## [WORK REQUEST]
What is wanted is the full listing, word for word, without its pictures.

***** SOURCE MATERIAL

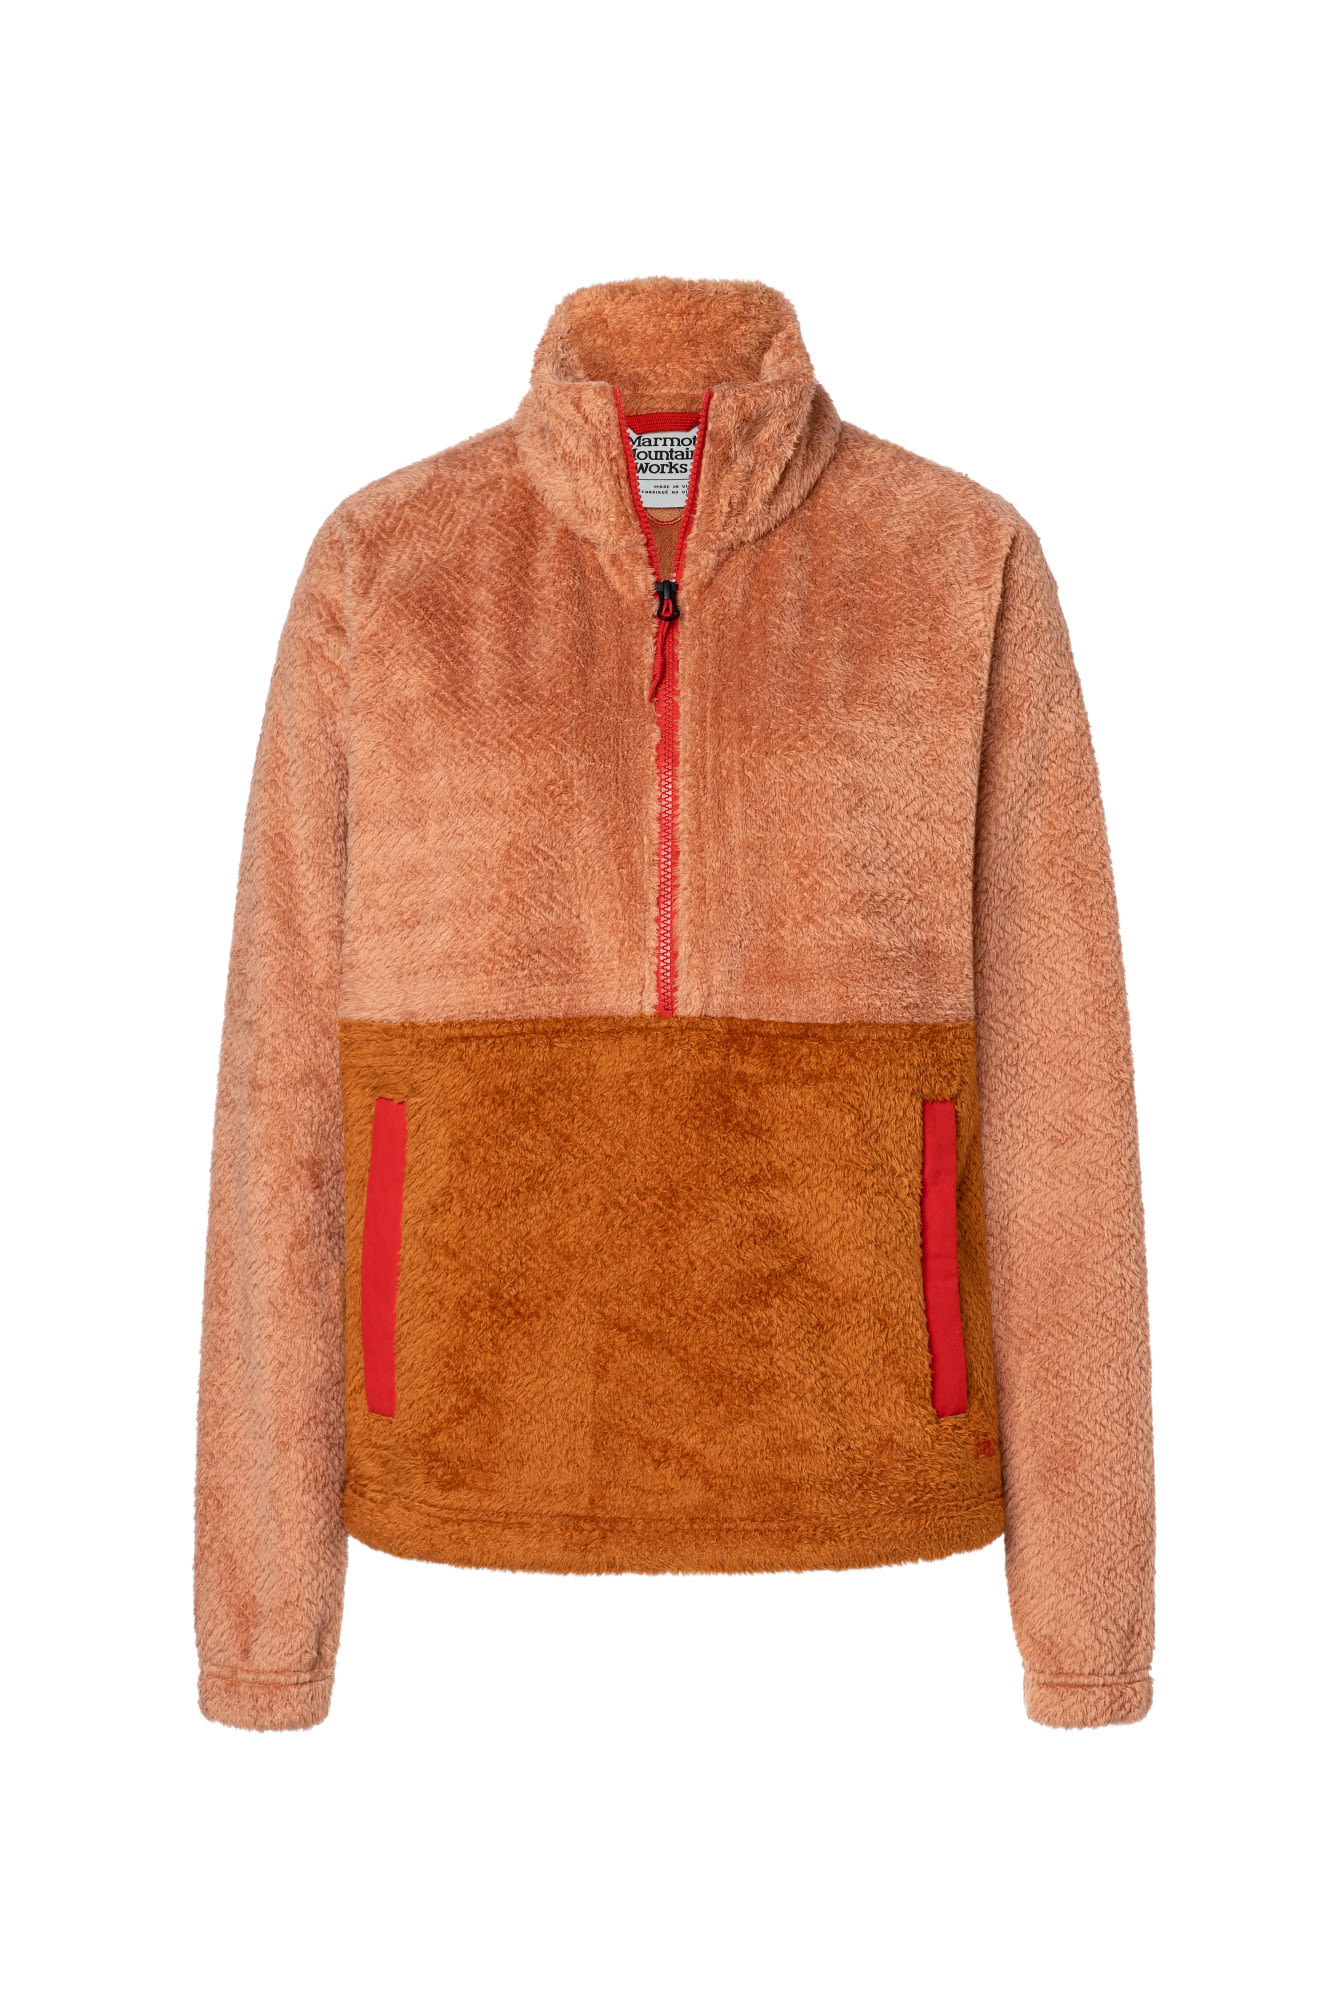 Marmot Homestead Fleece 1-2 Zip Colorblock - Braun- Female Fleece- und Powerstretch-Pullover- Grsse S - Farbe Rose Gold - Copper
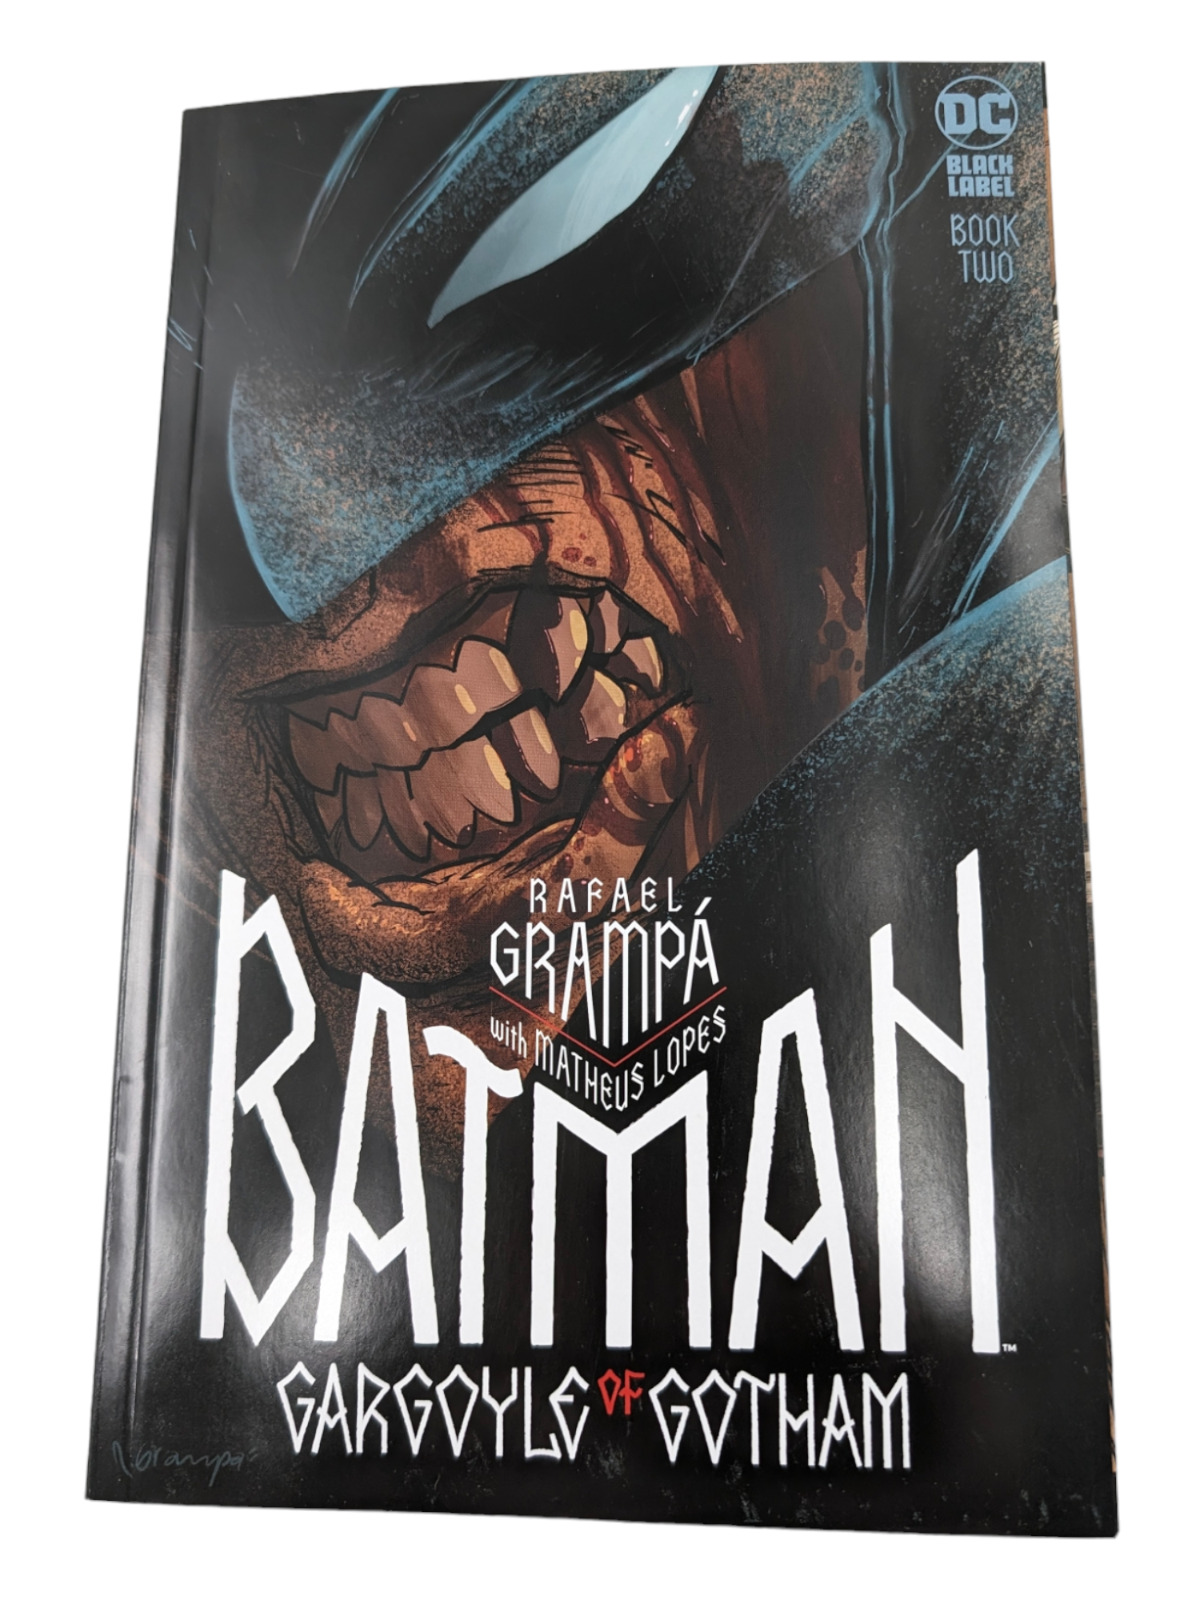 Batman Gargoyle of Gotham #2 1:25 Grassetti Variant Actual Scans
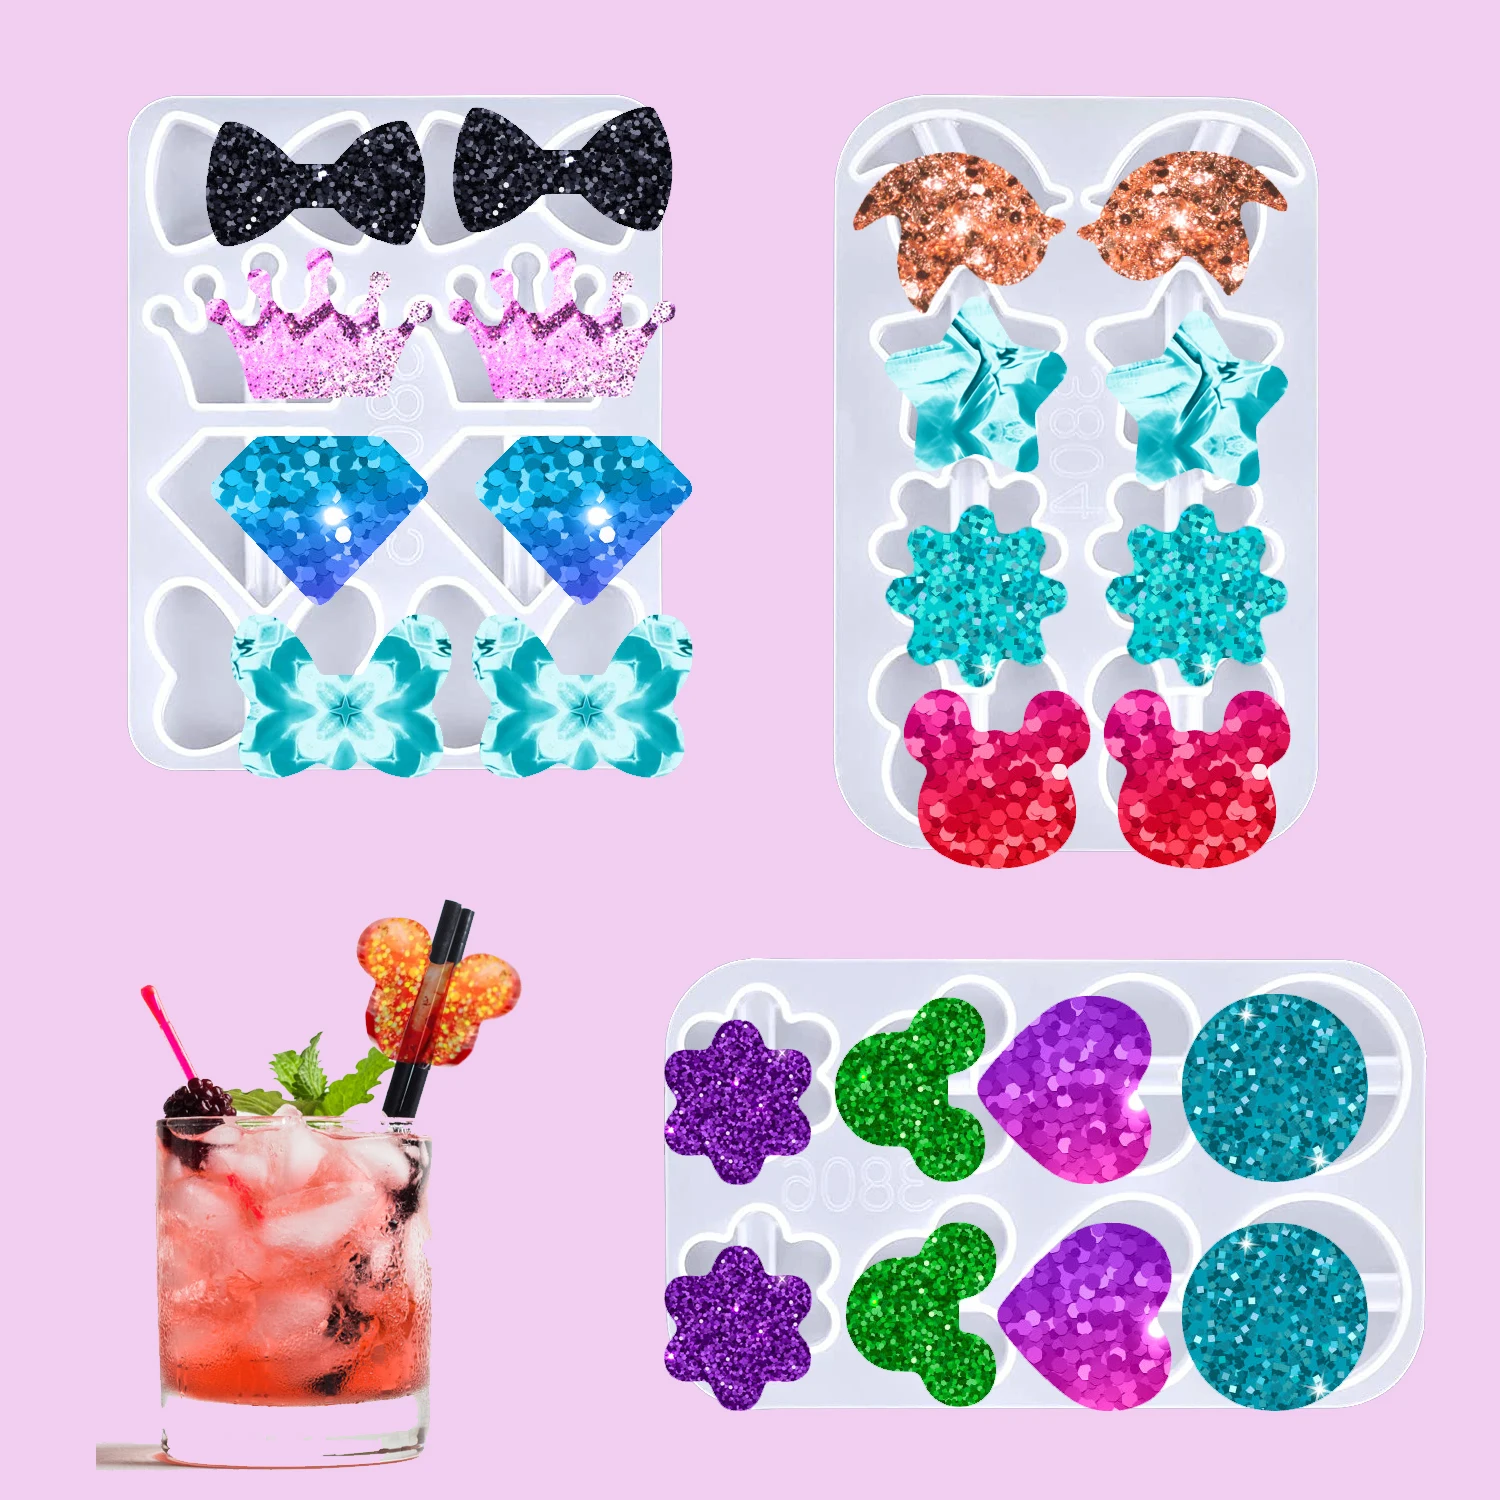 https://ae01.alicdn.com/kf/He9a26d5a7fe64d4f8e2d2f969635e4c6u/Straw-Topper-DIY-Straw-Topper-Mold-Resin-Mold-Flower-Butterfly-Beach-Party-Decor-Epoxy-Resin-Art.jpg

**********

## [ANSWER AREA]
 Marmot Homestead Fleece 1-2 Zip Colorblock - Braun- Female Fleece- und Powerstretch-Pullover- Grsse S - Farbe Rose Gold - Copper
 Batman Gargoyle of Gotham #2 1:25 Grassetti Variant Actual Scans
 https://ae01.alicdn.com/kf/He9a26d5a7fe64d4f8e2d2f969635e4c6u/Straw-Topper-DIY-Straw-Topper-Mold-Resin-Mold-Flower-Butterfly-Beach-Party-Decor-Epoxy-Resin-Art.jpg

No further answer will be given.